CI/CD on HPC¶
We provide a GitLab Runner that allows you to run a GitLab pipeline on the ZIH systems. With that you can continuously build, test, and benchmark your HPC software in the target environment.
Requirements¶
- You (and ideally every involved developer) need an HPC-Login.
- You manage your source code in a repository at the TU Chemnitz GitLab instance
Setup Process¶
-
Open your repository in the browser.
-
Hover Settings and then click on CI/CD
-
Expand the Runners section
-
Click on New project runner
-
Configure your runner, make sure to include the correct cluster name
-
Copy the repository URL and the authentication token
-
Now, you can request the registration of your repository with a corresponding ticket to the HPC support.

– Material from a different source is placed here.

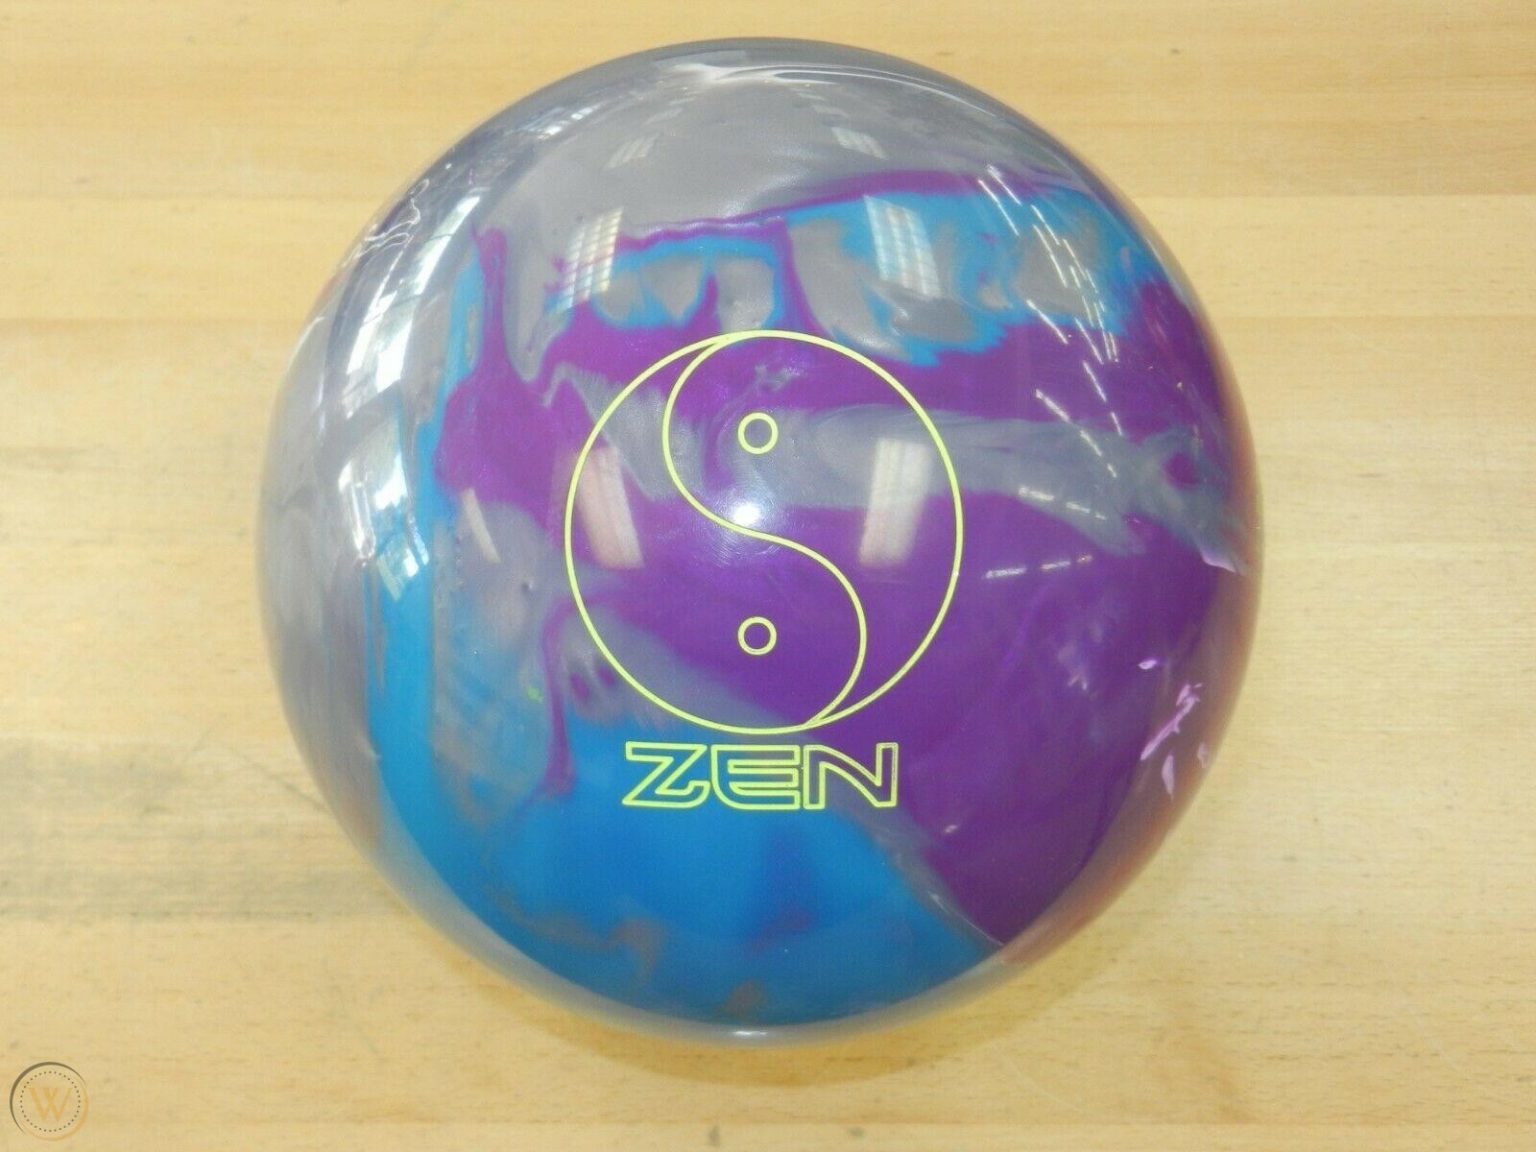 zen bowling ball

In the ticket, you need to add the URL of the GitLab repository, the authentication token and the cluster of interest.
-
Once your runner has been added, it will appear in the Runners section
GitLab Pipelines¶
As the ZIH provides the CI/CD as an GitLab runner, you can run any pipeline already working on other
runners with the CI/CD at the ZIH systems. This also means, to configure the actual steps performed
once your pipeline runs, you need to define the .gitlab-ci.yml
file in the root of your
repository. There is a comprehensive
documentation and a reference for the
.gitlab-ci.yml
file available at every
GitLab instance. There's also a quick start
guide.
The main difference to other GitLab runner is that every pipeline jobs will be scheduled as an individual HPC job on the ZIH systems. Therefore, an important aspect is the possibility to set Slurm parameters. While scheduling jobs allows to run code directly on the target system, it also means that a single pipeline has to wait for resource allocation. Hence, you want to restrict, which commits will run the complete pipeline, or which commits only run a part of the pipeline.
Passing Slurm Parameters¶
You can pass Slurm parameters via the variables
keyword, either globally for the
whole yaml file, or on a per-job base.
Use the variable SCHEDULER_PARAMETERS
and define the same parameters you would use for srun
or
sbatch
.
Warning
The parameters --job-name
, --output
, and --wait
are handled by the GitLab runner and must
not be used. If used, the run will fail.
Tip
Make sure to set the --account
such that the allocation of HPC resources is accounted
correctly.
Example
The following YAML file defines a configuration section .test-job
, and two jobs,
test-job-alpha
and test-job-barnard
, extending from that. The two job share the
before_script
, script
, and after_script
configuration, but differ in the
tags
and SCHEDULER_PARAMETERS
. The test-job-alpha
and test-job-barnard
are
scheduled on the partition alpha
and partition barnard
, respectively.
.test-job:
before_script:
- date
- pwd
- hostname
script:
- date
- pwd
- hostname
after_script:
- date
- pwd
- hostname
id_tokens:
SITE_ID_TOKEN:
aud: https://gitlab.hrz.tu-chemnitz.de
test-job-alpha:
extends: .test-job
variables:
SCHEDULER_PARAMETERS: -p alpha
tags:
- alpha
test-job-barnard:
extends: .test-job
variables:
SCHEDULER_PARAMETERS: -p barnard
tags:
- barnard
Current Limitations¶
- Every runner job is currently limited to one hour. Once this time limit passes, the runner job gets canceled regardless of the requested runtime from Slurm. This time includes the waiting time for HPC resources.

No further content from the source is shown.